US ATLAS / HTCondor meeting

US/Eastern

USATLAS HTCondor meeting- minutes

(see google doc: https://docs.google.com/document/d/1zTl-HIB07SEWgwB8hLH5O9deX4O-z_ezq1YQI5__VKI/edit?tab=t.0 )

Useful Links:

https://htcondor.org/htcondor/release-plan/



11 DEC 2024:

This is what we are doing at MWT2

# SIGTERM to kill jobs, SIGKILL after 5 minutes

GRACEFULLY_REMOVE_JOBS = true

MachineMaxVacateTime = 5 * 60

 

# cgroup additions for limiting memory to 1.1x the job request for ATLAS and 3x for non-ATLAS

CGROUP_MEMORY_LIMIT_POLICY = custom

CGROUP_HARD_MEMORY_LIMIT_EXPR = ifThenElse(regexp("usatlas[1-4]", Owner), 1.1 * RequestMemory, 3 * RequestMemory)

CGROUP_SOFT_MEMORY_LIMIT_EXPR = ifThenElse(regexp("usatlas[1-4]", Owner), 1 * RequestMemory, 1.1 * RequestMemory)

 

MWT2 testing of cgroups:

 

  1. sudo su usatlas1

  2. condor_submit memory_allocator.submit


condor_allocator.submit contains:

universe = vanilla

executable = memory_allocator

arguments = 1500 30

request_memory = 1024M

log = memory_job.$(Cluster).$(Process).log

output = memory_job.$(Cluster).$(Process).out

error = memory_job.$(Cluster).$(Process).err

should_transfer_files = yes

when_to_transfer_output = ON_EXIT_OR_EVICT

transfer_executable = True

JobPrio = 100000

 

requirements = regexp("cit2", Machine)

 

queue

The executable arguments are:

  1. 1500 is the number of MiB to allocate.

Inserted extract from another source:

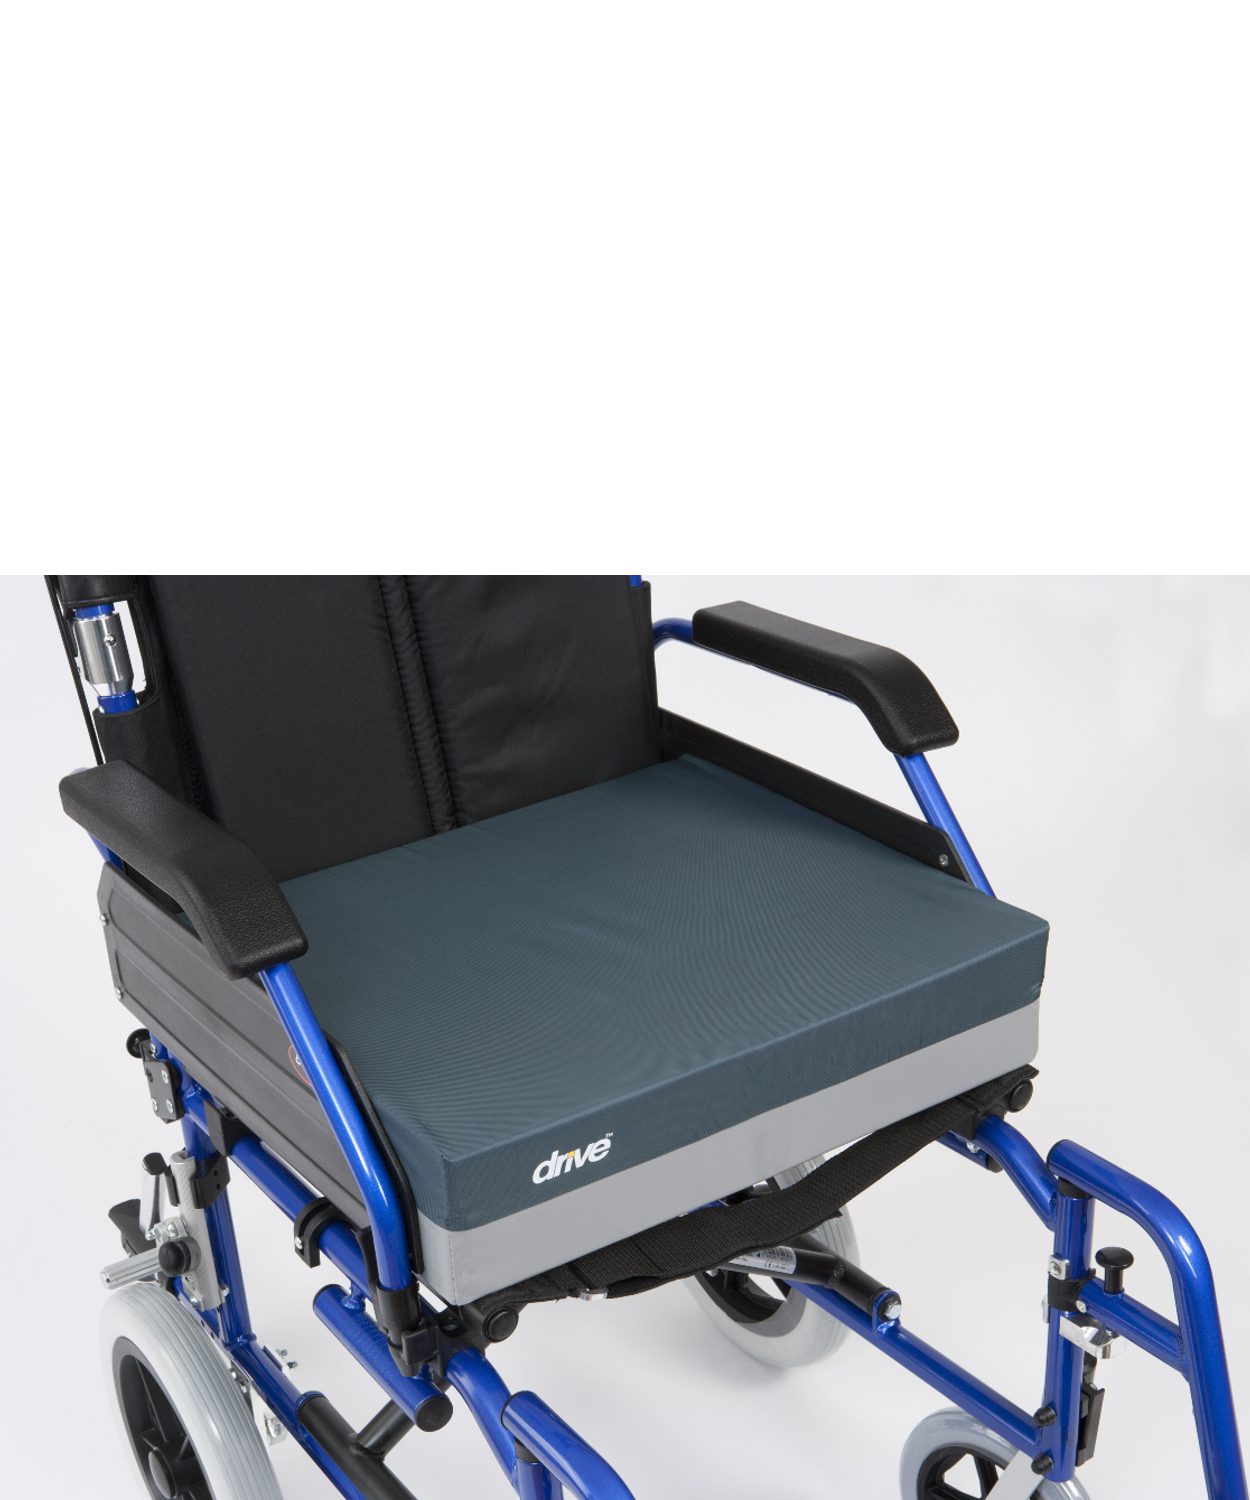 Gel Wheelchair Cushion - Prevent pressure sores and ulcers with a gel

  2. 30 is the number of seconds to wait after the memory is allocated before exiting

    1. There is a signal handler that will log a message on SIGINT or SIGTERM and wait the same amount of seconds before exiting

 

The memory request is 1024 MiB.

The requirement to run on a machine with a name containing cit2 insures that the job runs on a  server that is updated to condor 24.0.2.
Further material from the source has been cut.